Libye: Les secouristes en première ligne

communiqué de presse

Pendant un conflit armé, les personnels de santé les plus exposés sont les secouristes alors qu'ils prodiguent des premiers soins vitaux aux blessés sur les lignes de front et se chargent de les évacuer en lieu sûr.

Adem Salem Shnaisheh est responsable des interventions d'urgence du Croissant-Rouge libyen à Misrata. Six mois après la fin du conflit en Libye, il revient sur les épisodes éprouvants qu'il a vécus en tant que volontaire pendant les combats.

Le droit international ignoré

« Au plus fort du conflit, on travaillait nuit et jour sur les lignes de front pour évacuer les blessés, quel que soit leur camp. Pourtant, on avait l'impression de ne bénéficier d'aucune protection », explique Adem.

Bien que son ambulance ait essuyé des tirs à deux reprises, il a survécu, n'ayant été touché « que » par un éclat d'obus à la tête.
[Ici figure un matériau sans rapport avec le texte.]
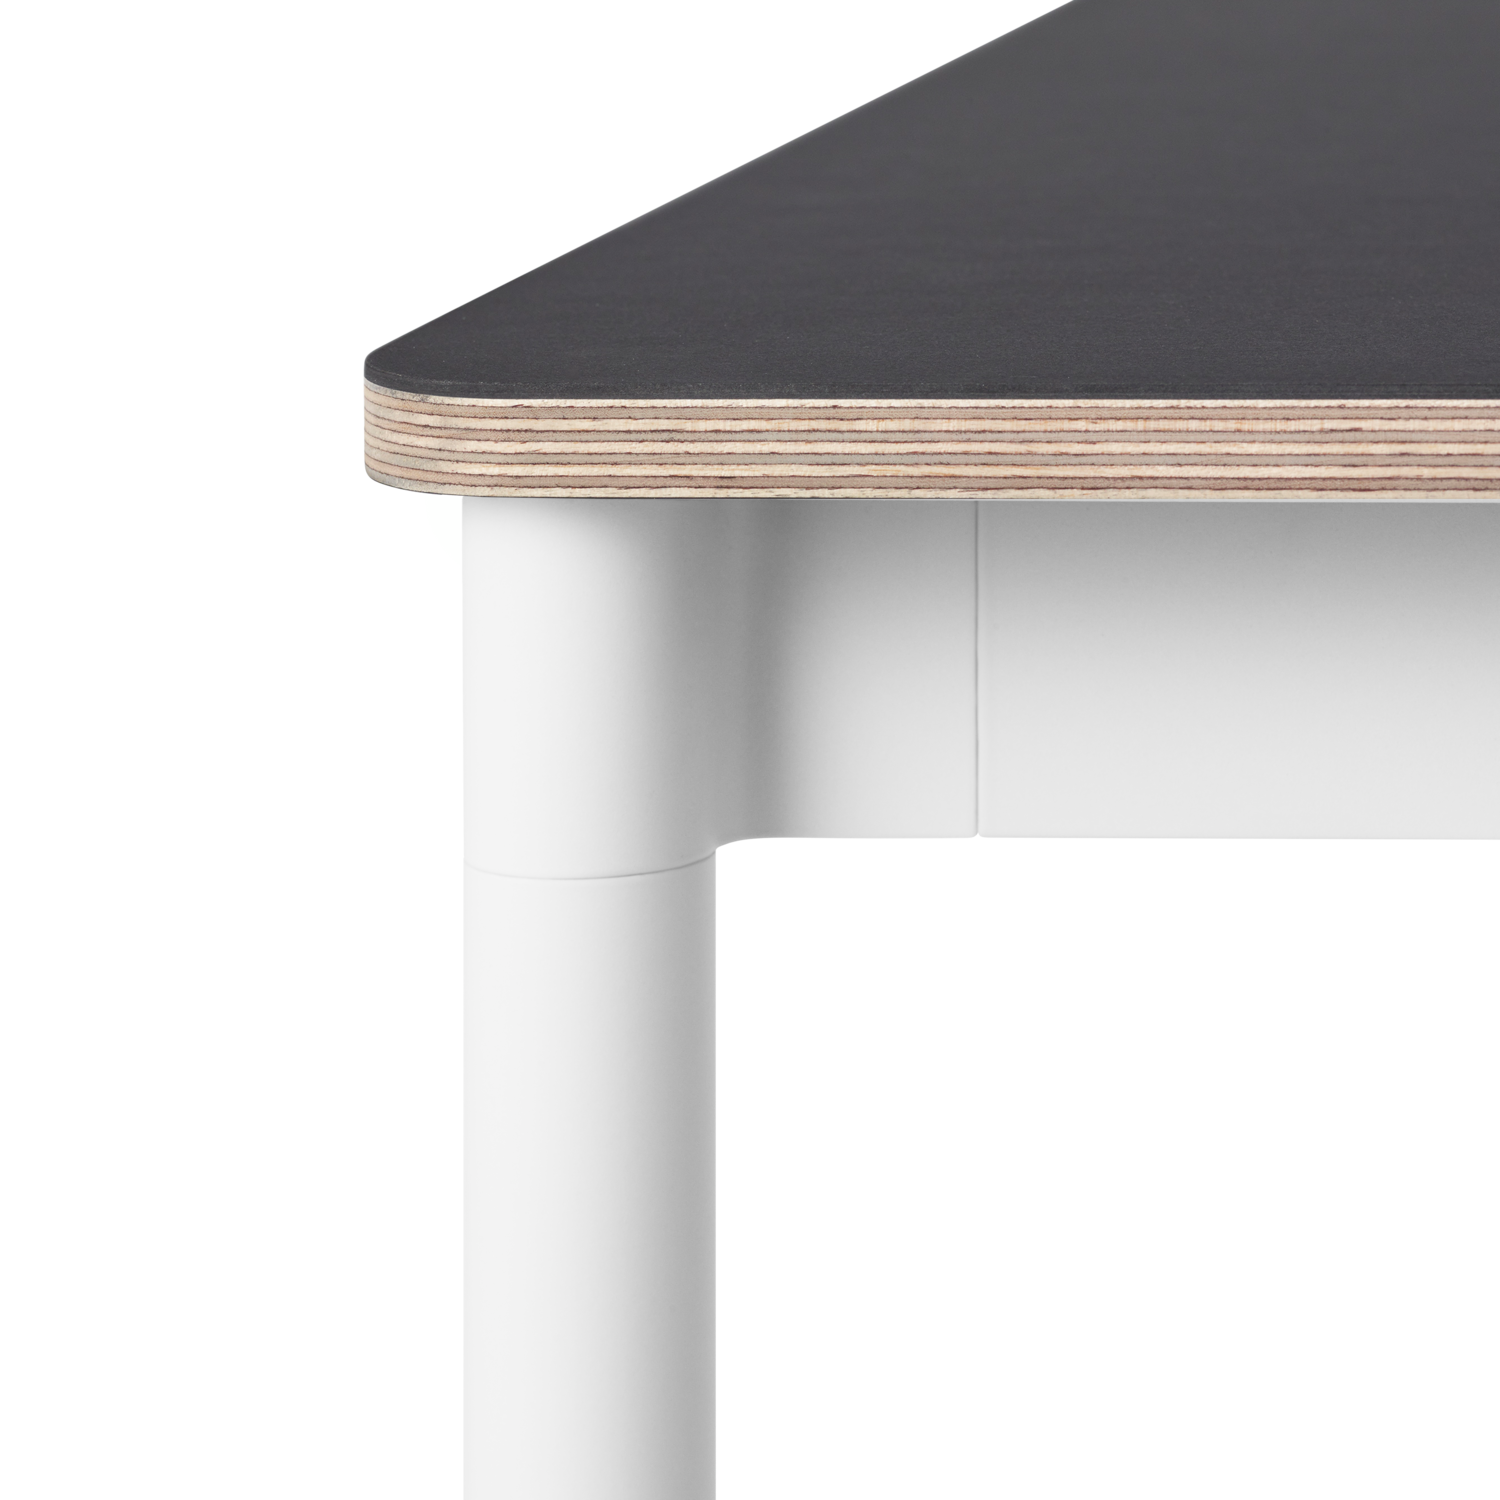 Base Tisch in Schwarz / Weiss präsentiert im Onlineshop von KAQTU Design AG. Schreibtisch ist von Muuto
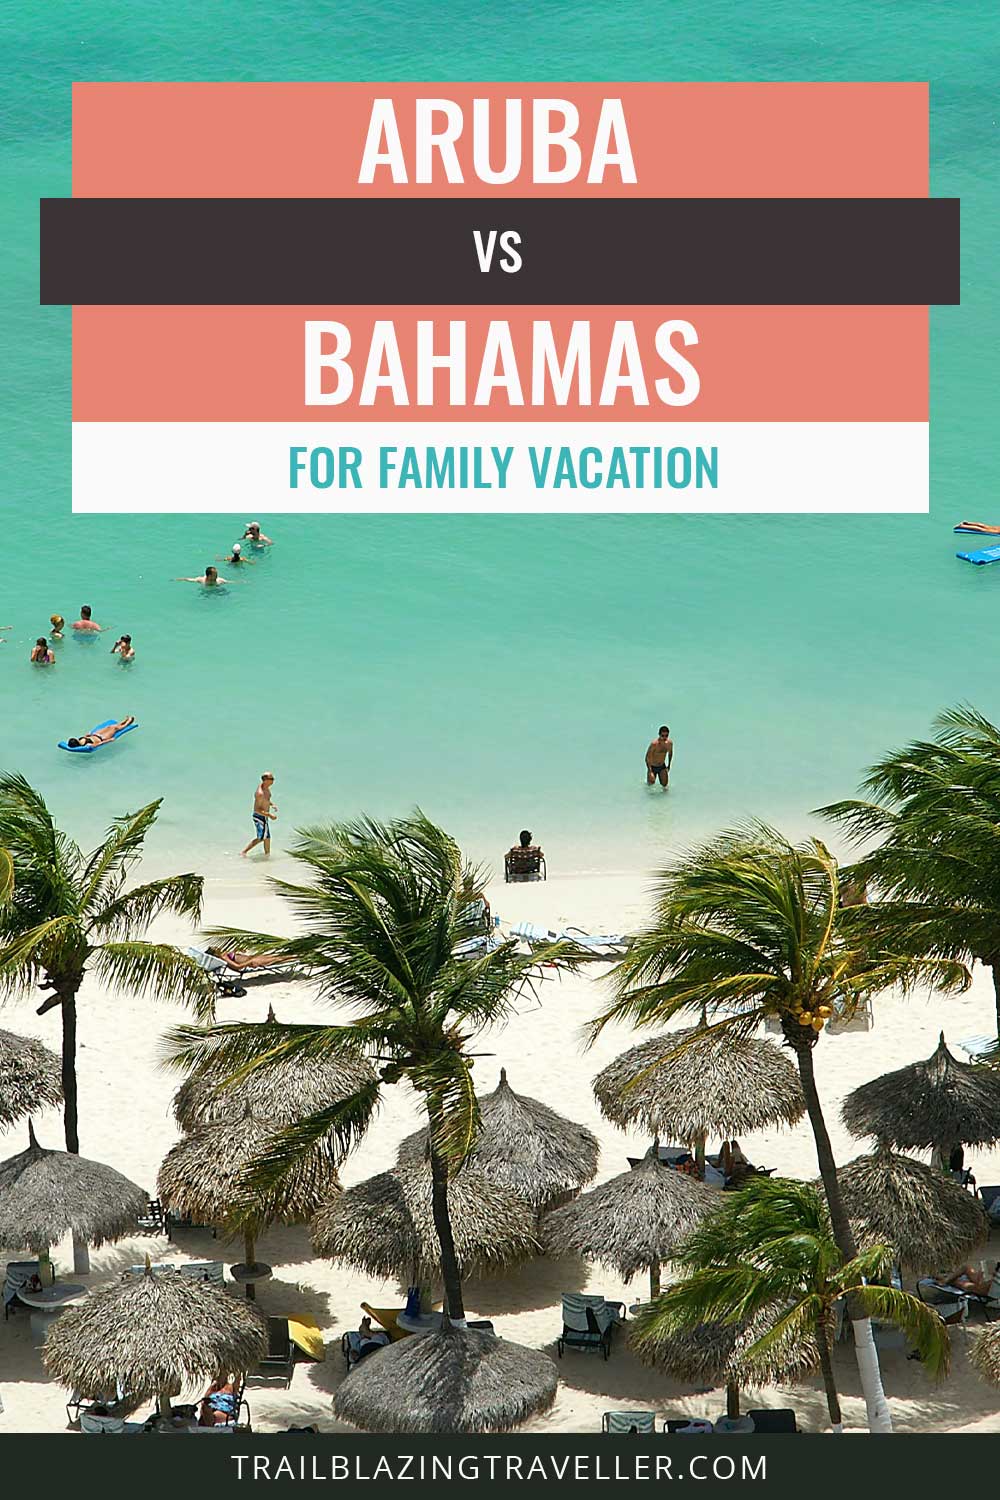 Aruba vs. Bahamas for Family Vacation

Pendant les huit mois qu'ont duré les combats, il a vu 35 de ses collègues se faire blesser pendant leur service. Plusieurs volontaires du Croissant-Rouge libyen travaillant de l'autre côté de la ligne de front ont eux aussi été touchés par des balles ou des fragments d'obus.

Au moins sept agents de santé ont péri en essayant de sauver des vies. Il y avait parmi eux des volontaires du Croissant-Rouge libyen.

« En temps de guerre, les règles du droit international qui protègent le personnel de santé et les structures médicales sont rarement respectées, et les combattants ne reculent devant rien pour atteindre leurs objectifs.

Nous avions l'impression qu'aucune distinction n'était faite entre les porteurs d'armes et les personnels de santé. Les attaques n'épargnaient rien ni personne. »

Des ambulances prises sous les tirs

Mohsen Ibrahim est ambulancier volontaire pour le Croissant-Rouge libyen. « J'ai dû remplacer trois fois le pare-brise de l'ambulance pendant le conflit », raconte-t-il. Par suite d'un impact de balle, Mohsen a été blessé à l'oeil gauche par un éclat de verre.

Les trois autres membres de son équipe ont eux aussi été blessés dans l'accident. « Nous jouions un rôle vital pour les blessés, qui se sont donc retrouvés doublement victimes lorsqu'on nous a tiré dessus », conclut Mohsen.

Rien qu'à Misrata, sept ambulances du Croissant-Rouge libyen ont été complètement détruites par des tirs de roquette. De nombreuses autres sont encore criblées d'impacts de balles.

Des lignes de front à la salle de conférence

Désireux de rendre hommage à ses collègues décédés et de faire connaîetre son expérience en première ligne, Adem a participé à une conférence organisée par la délégation du CICR à Dakar (Sénégal) en avril 2012.

Cette conférence s'est tenue dans le cadre d'une campagne quadriennale visant à mieux faire connaîetre les risques et les dangers qui entravent la fourniture sûre et efficace des soins de santé dans les conflits armés et autres situations de violence.

Après Dakar, d'autres conférences suivront dans le monde entier, l'objectif étant de de trouver des solutions au problème des soins de santé en danger.